WORK IN THE V-12 program came to a close on October 23 for 317 Dartmouth trainees. This class, made up of 178 Marines and 139 Apprentice Seamen, was the first to finish the course since the Dartmouth Navy V-12 Unit was established in July as the largest of its kind in the country.
While the Medical School will hold regular graduation exercises, at which 23 firstyear students will receive their A.B. degrees and 25 second-year men will get diplomas, no ceremony will mark the close of the V-12 course for the Navy and Marine trainees in the College proper.
The members of this first V-12 class to finish are men who previously had six or seven semesters of college work before entering the present Navy program. From Dartmouth they will go to other stations to continue their officer training, the Marines to Parris Island and the Apprentice Seamen either directly to Midshipmen's Schools or to general-duty stations while awaiting assignment to such schools.
Among the V-12 graduates this term are a small number of Dartmouth men who also have completed the requirements for the Bachelor of Arts degree from the College. Diplomas will be mailed to these men in the near future, as well as to a small group of '44 men who completed their course in the civilian College in October.

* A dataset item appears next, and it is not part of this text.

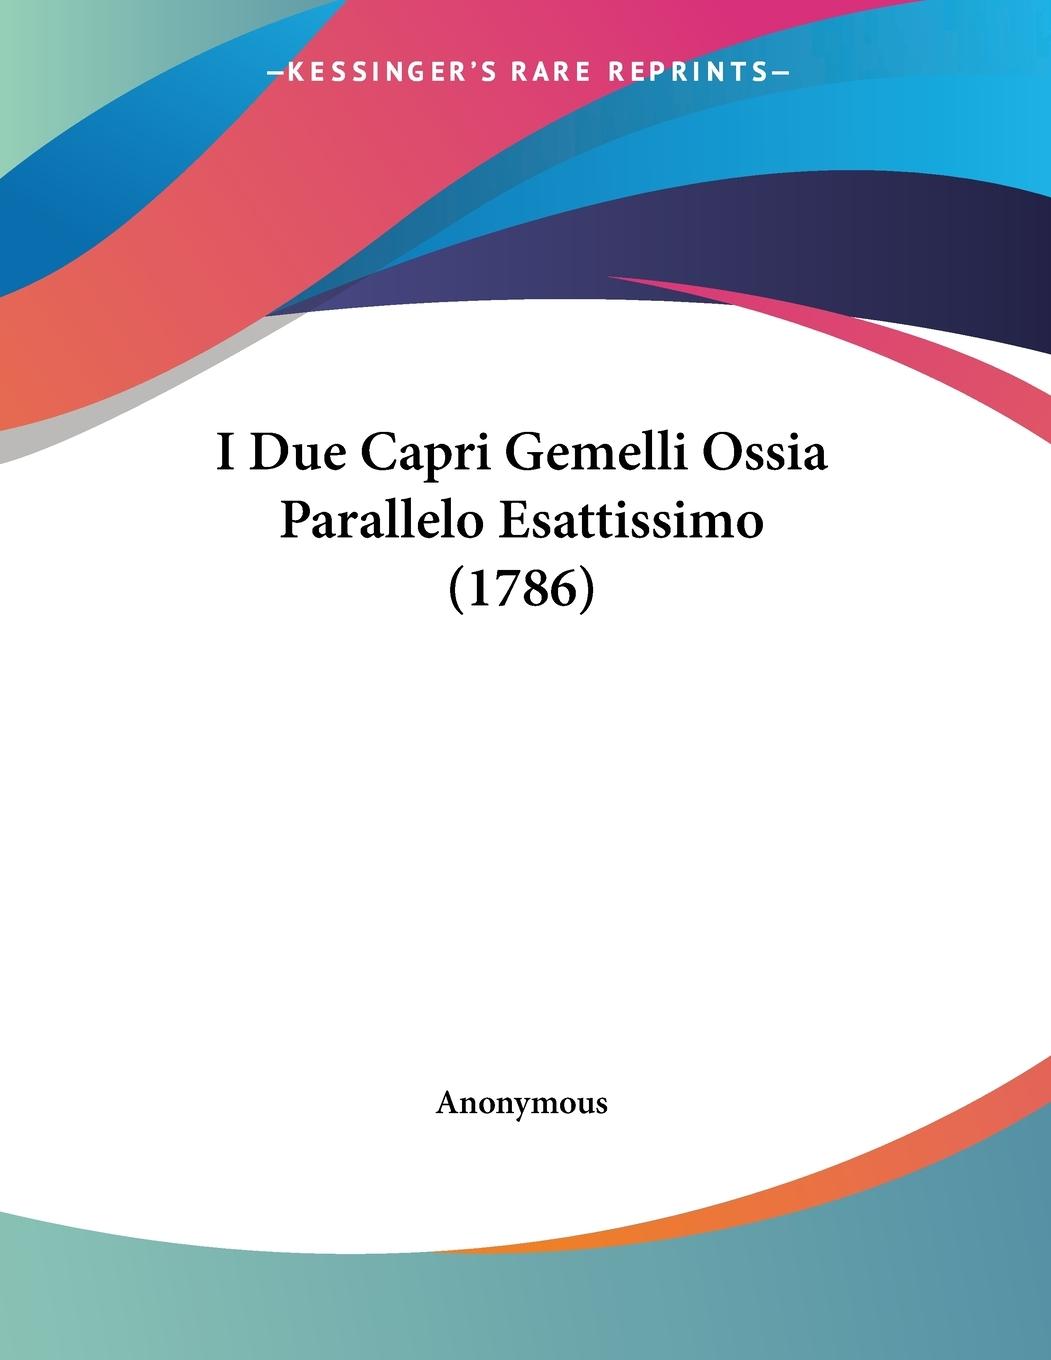 I Due Capri Gemelli Ossia Parallelo Esattissimo (1786) - Anonymous

Departure of the V-12 graduates and of other trainees who have heen dropped because of illness, disciplinary action, 01-academic failure, will considerably reduce the present enrollment of the Dartmouth V-12 Unit, but it is expected that enough V-12 freshmen will enter the program here on November 1 to restore the Unit to approximately its original quota of 2,000 men. Of the new trainees entering with the Winter Term, only a small number are expected to be Marines, in keeping with a new V-12 tendency to have all men in the program start as Apprentice Seamen and transfer into the Marine Corps
At the request of the Thayer School, trainees in that school will be rebilleted for the next term to permit them to room together so far as possible. These men will not all be in the same dorm, but changes in roommates will be effected in order to bring them together.
NEW COMMANDING OFFICER of the Dartmouth V-12 Unit is Captain D. E. Cummings, USN, a veteran of 36 years of active duty, mostly spent at sea in command of ships.